Business Technology

Sunday 8 December 2019

Aer Lingus pilots to use iPads instead of in-flight paperwork

Aer Lingus’s US-bound aircrafts were 83pc full last year.
Aer Lingus’s US-bound aircrafts were 83pc full last year.
Adrian Weckler

Adrian Weckler

AER Lingus pilots are to ditch paper-based flight documentation and replace it with iPads in a deal worth up to €300,000. The airline has ordered 500 high-end iPad Air tablets, worth €600 each, to give pilots access to weather charts, flight planning schedules and other information crucial to their job.

The move replicates similar actions from a number of international airlines keen to cut down on cockpit clutter and weight.

"At the moment, pilots could be taking 100 pages of paper with them," said a spokesman for the airline. "This move toward an electronic cockpit will replace 98pc of the printing they have to do and will remove significant weight.

"It will give them an electronic version of what would have been paper driven, including flight plans, weather charts and Notams (notices filed to aviation authorities of potential hazards)."

The spokesman said that a number of pilots were already equipped with 'rugged' laptops, but the iPad was a much lighter solution.

Meanwhile, Aer Lingus has reset its policy to allow use of all non-cellular personal electronic devices during takeoff and landing on most of its aircraft.

"On all of our Airbus flights, you can now use your iPod or Kindle or whatever during takeoff and landing," said the spokesman. "The only aircraft that still have some restrictions in this area are our Boeing aircraft and smaller Aer Lingus regional planes."

The spokesman said that seven Aer Lingus long-haul planes now have WiFi available to passengers. He said that the next roll-out of WiFi would be across the airline's short-haul fleet.

The news comes as a new industry report says that airlines are increasing their investments in digital processes.

The report, from airline industry IT firm SITA, claims that most airlines are boosting their investments in IT.

"Though the picture is not perfect now, change is coming," said Nigel Pickford, director of market insight at SITA. "All airlines and 90pc of airports are planning to make business intelligence investments in the coming three years."

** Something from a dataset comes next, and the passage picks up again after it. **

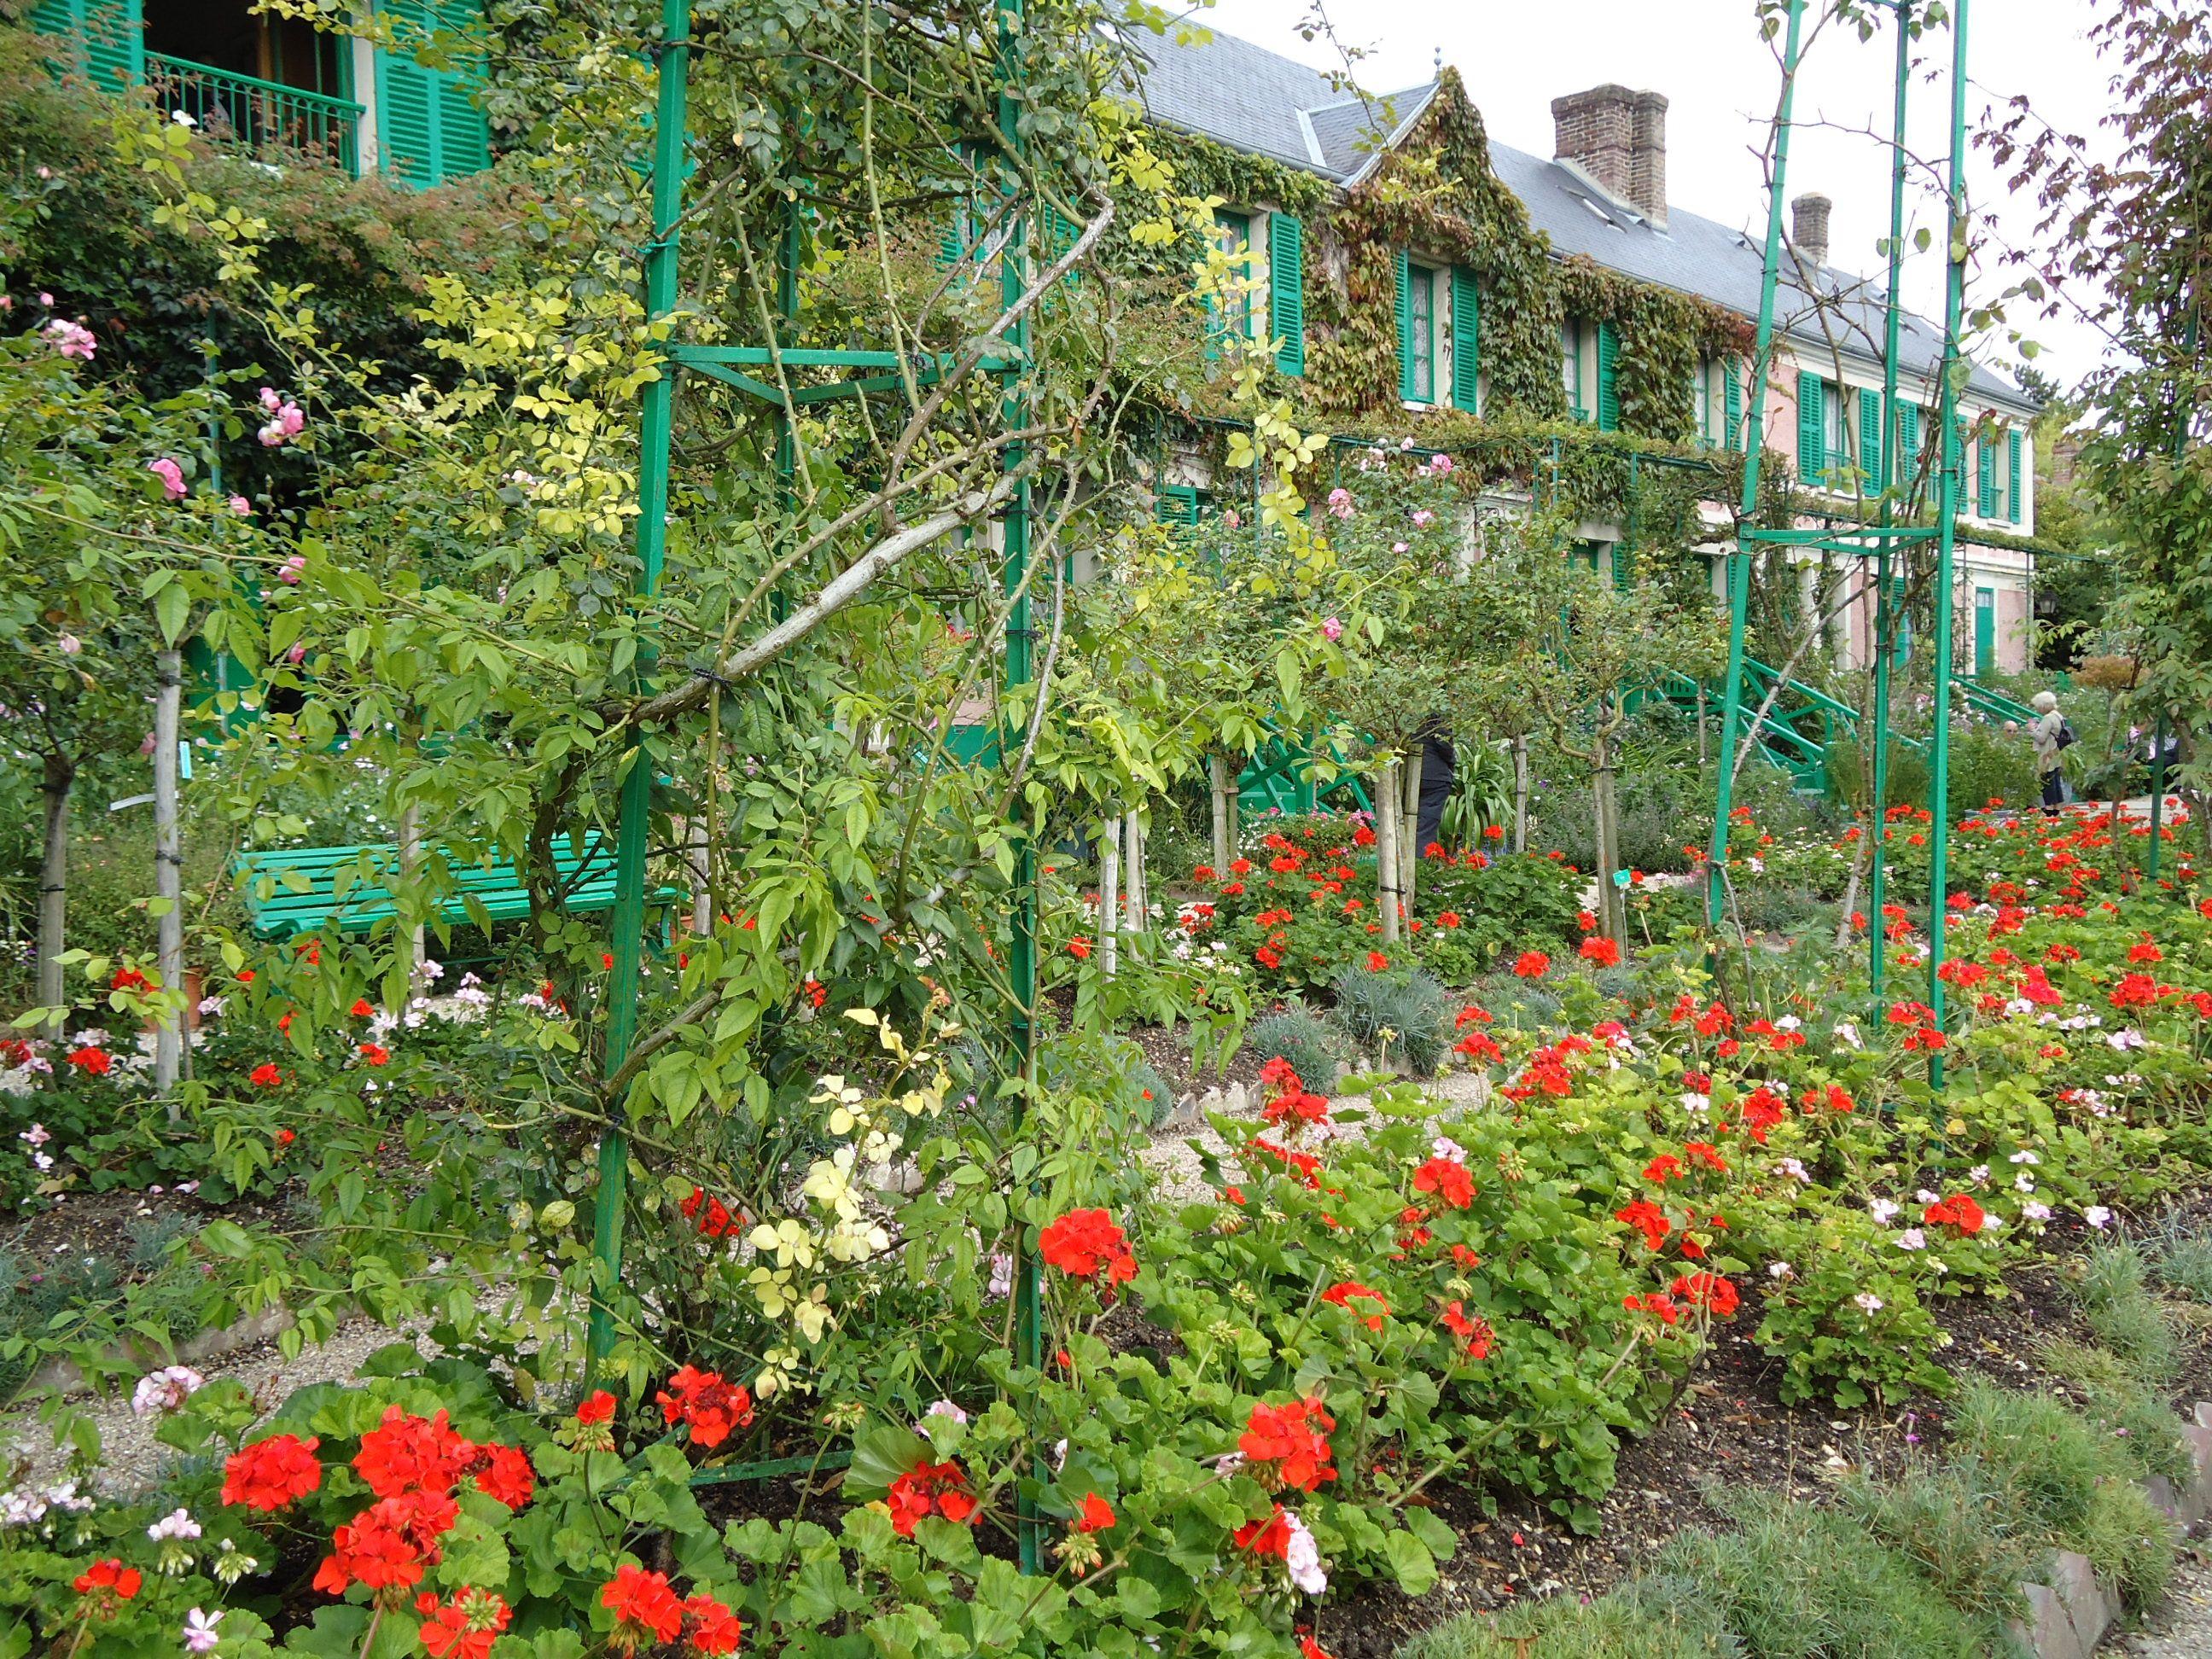 Giverny Hebergement Hotels Chambres D Hotes Gites Restaurants Informations Artistes Jardins Et Maison De Claude Monet Jardin Monet Monet Jardin Francais

The report, which is based on global research with input from airlines such as British Airways and airports such as the Dublin Airport Authority and Heathrow, says that flight status updates will extend to the vast majority of airlines and airports by the end of 2016.

It says that bag status updates will be offered by 61pc of airlines, while 79pc of airports will provide status notifications, such as waiting times through security and walking times to gates. More than three quarters will also be providing navigation through the airport using mobile apps, it says.